- **ASSIGNMENT**
Everything from the line holding "Phòng tắm cũng" to the last line of the material below must be retyped exactly, minus any pictures.

- **DATASET EXTRACT**
━━━━━━━━━━━━━━━━━━━━
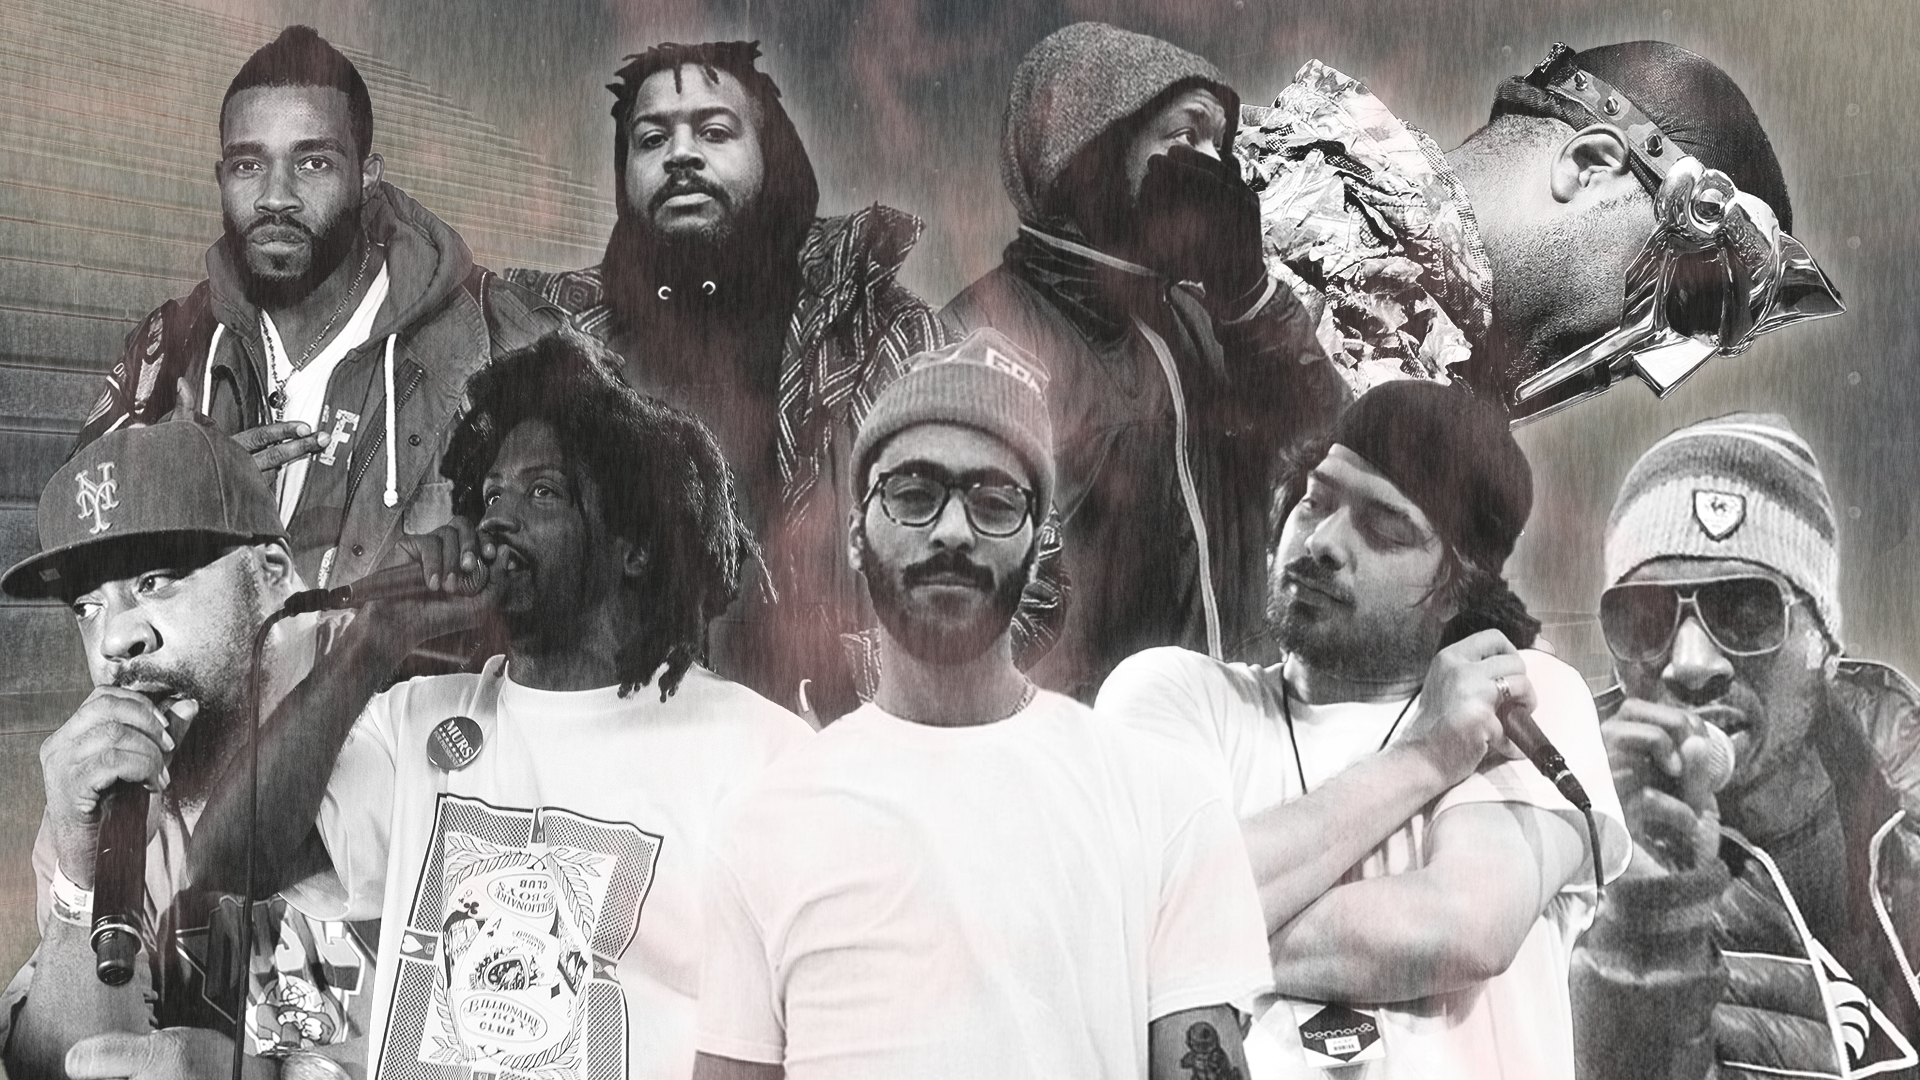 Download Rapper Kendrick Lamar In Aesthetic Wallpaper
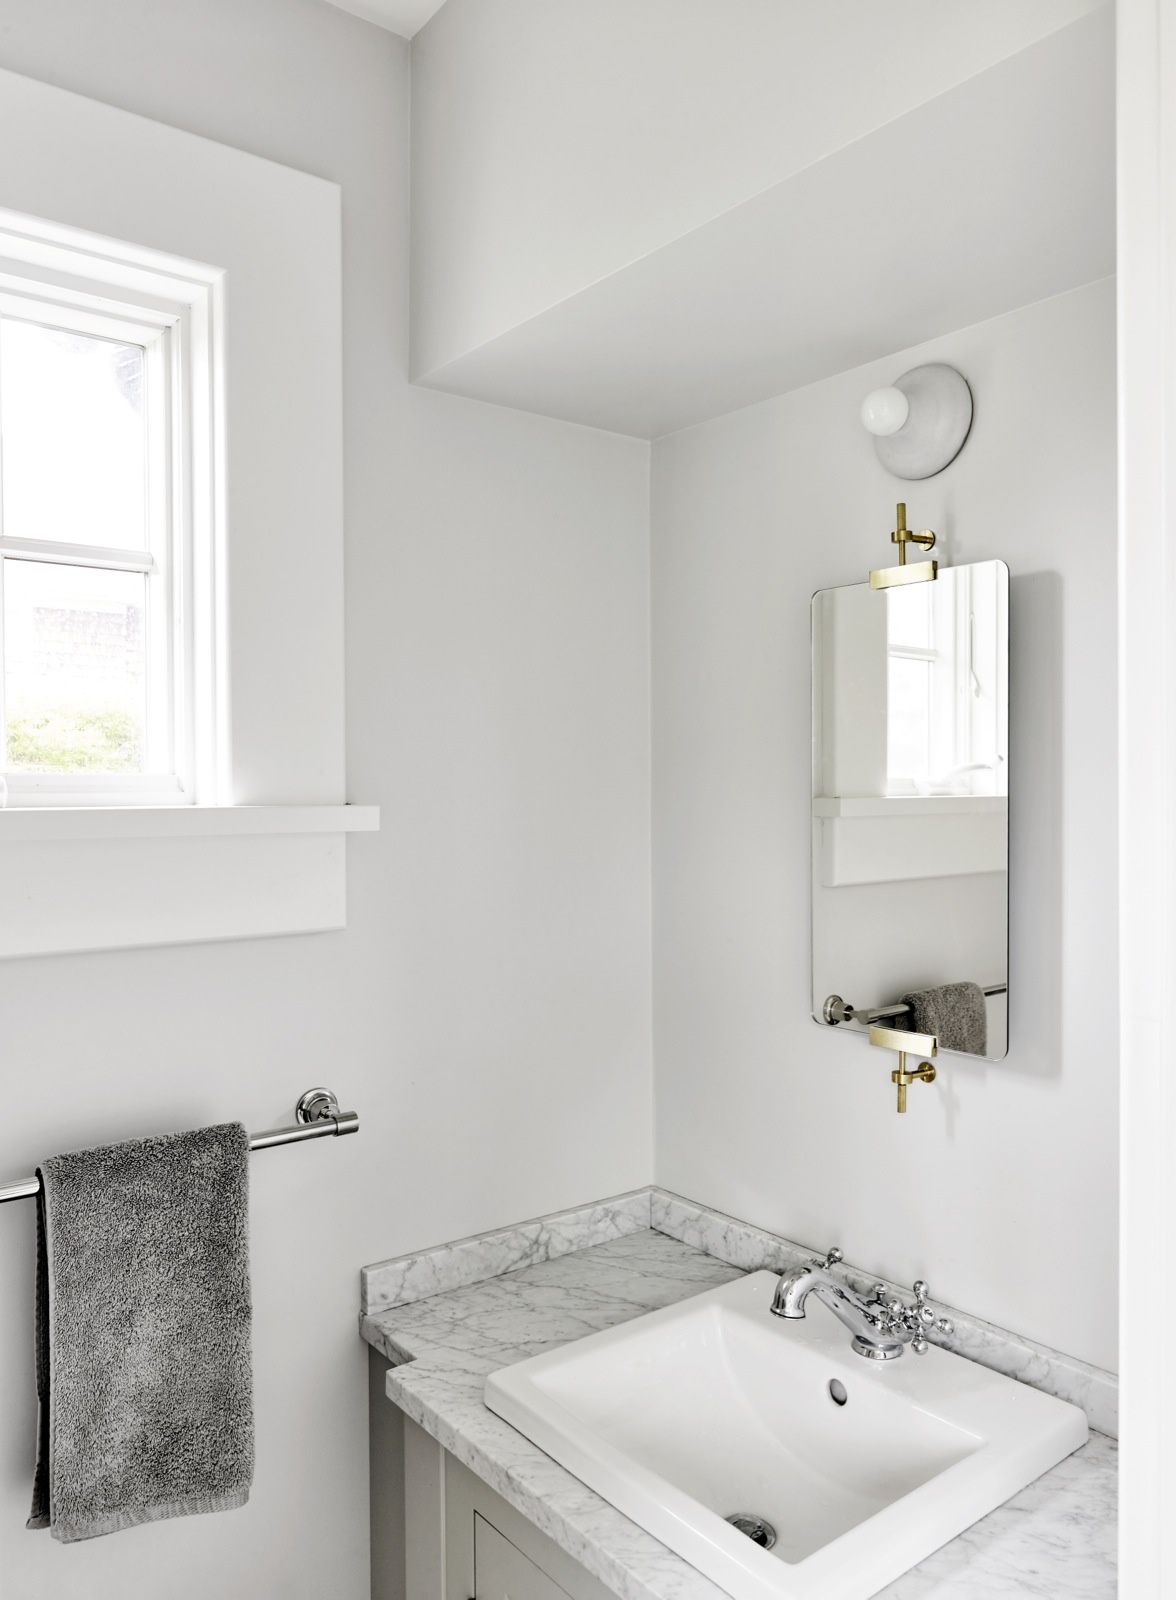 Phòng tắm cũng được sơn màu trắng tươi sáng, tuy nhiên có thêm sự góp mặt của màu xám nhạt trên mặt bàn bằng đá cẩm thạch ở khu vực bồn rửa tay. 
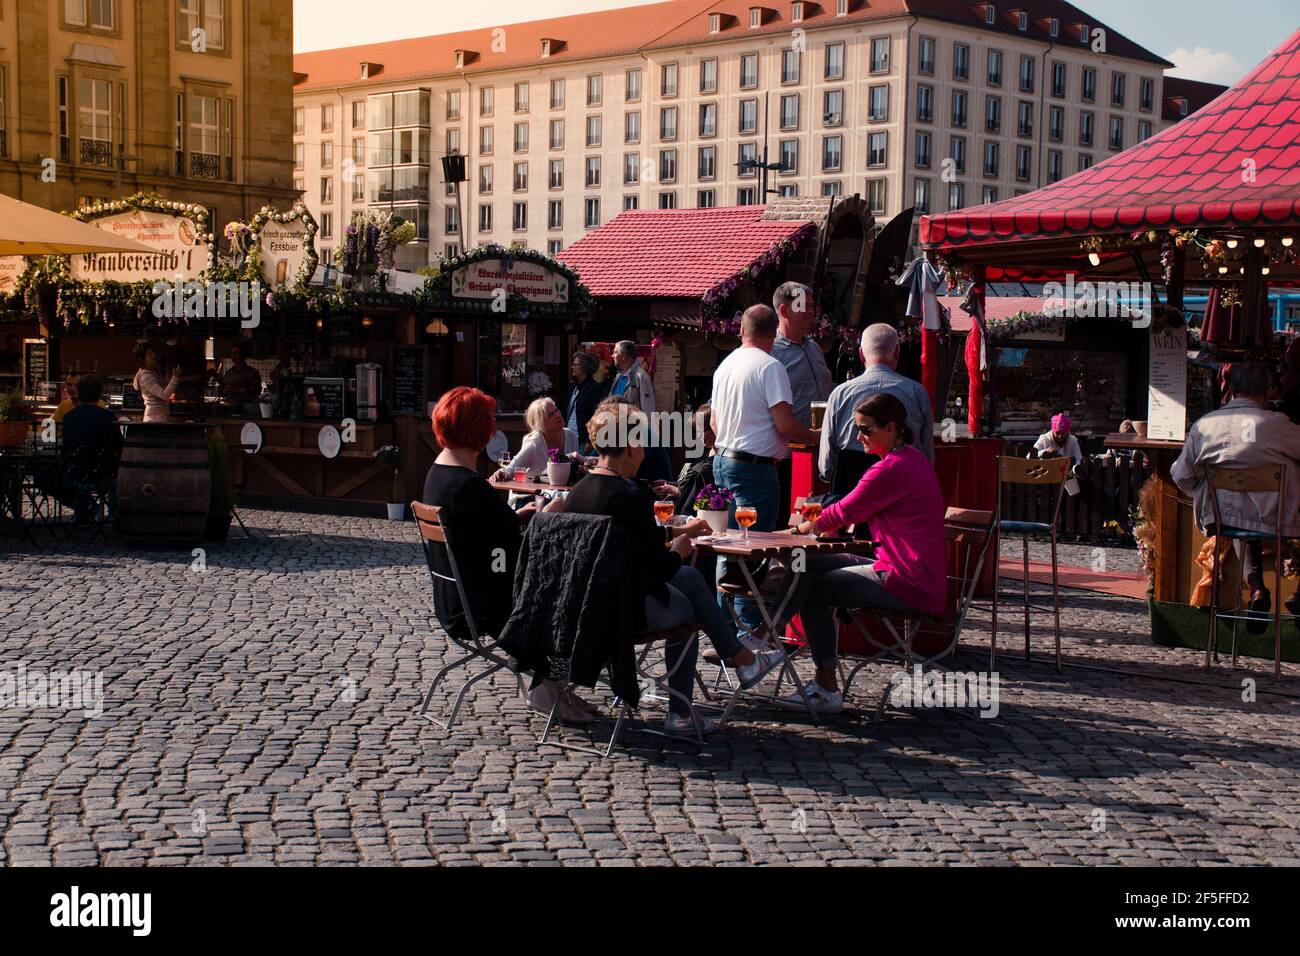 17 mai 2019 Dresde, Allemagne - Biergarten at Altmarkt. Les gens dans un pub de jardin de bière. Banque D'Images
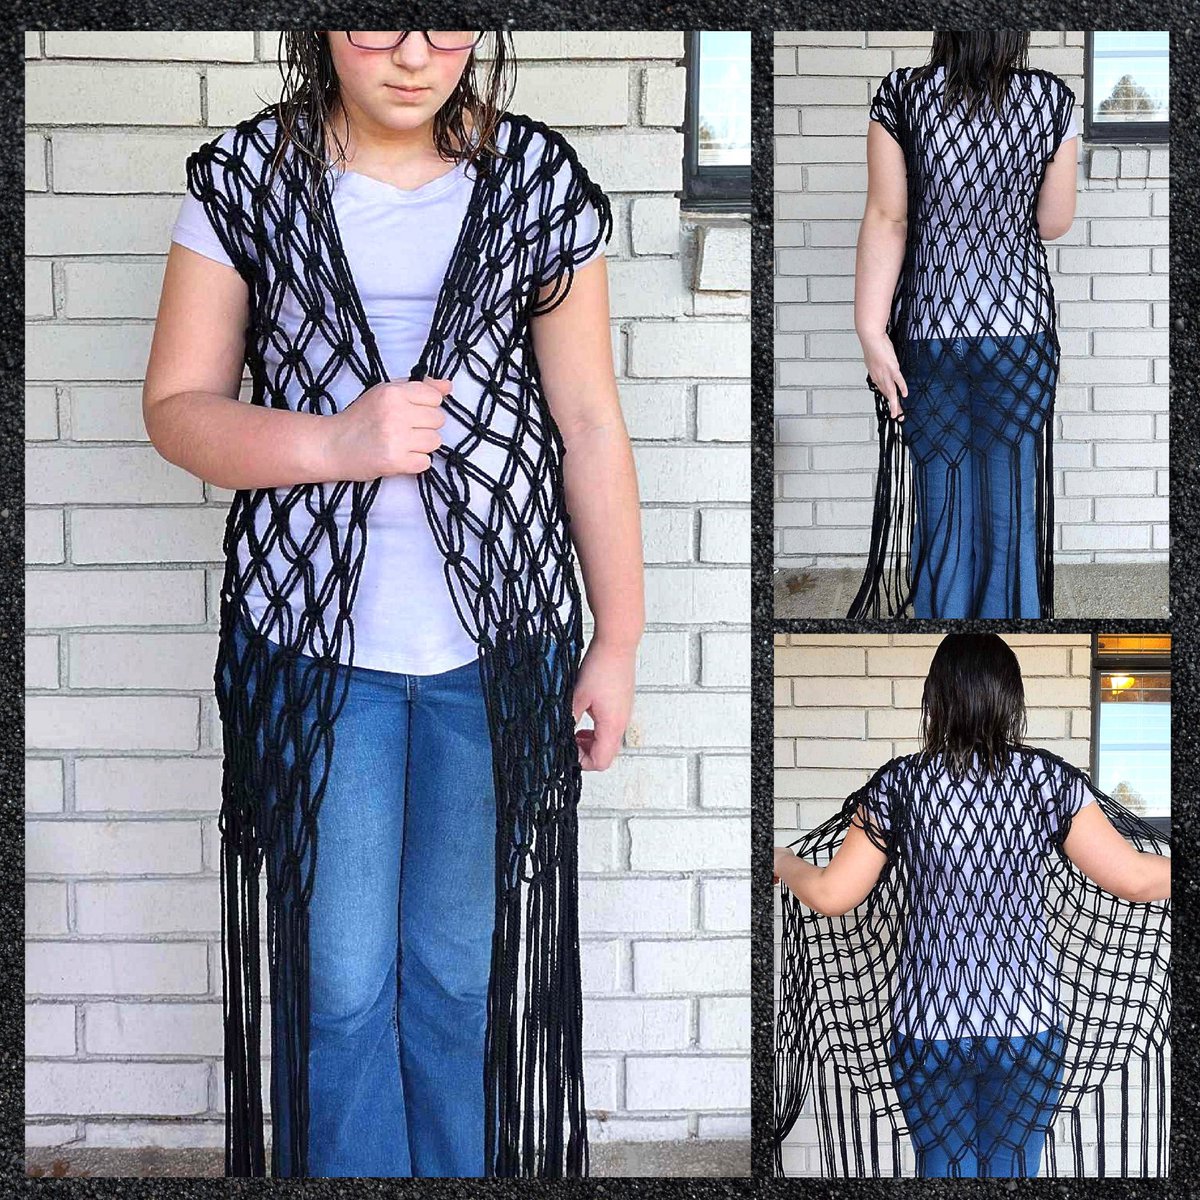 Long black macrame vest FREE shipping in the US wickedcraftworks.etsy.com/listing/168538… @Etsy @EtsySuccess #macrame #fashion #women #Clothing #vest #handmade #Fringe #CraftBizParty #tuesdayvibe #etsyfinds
━━━━━━━━━━━━━━━━━━━━
- **SOLUTION TO THE EXERCISE**
 Phòng tắm cũng được sơn màu trắng tươi sáng, tuy nhiên có thêm sự góp mặt của màu xám nhạt trên mặt bàn bằng đá cẩm thạch ở khu vực bồn rửa tay. 
 17 mai 2019 Dresde, Allemagne - Biergarten at Altmarkt. Les gens dans un pub de jardin de bière. Banque D'Images
 Long black macrame vest FREE shipping in the US wickedcraftworks.etsy.com/listing/168538… @Etsy @EtsySuccess #macrame #fashion #women #Clothing #vest #handmade #Fringe #CraftBizParty #tuesdayvibe #etsyfinds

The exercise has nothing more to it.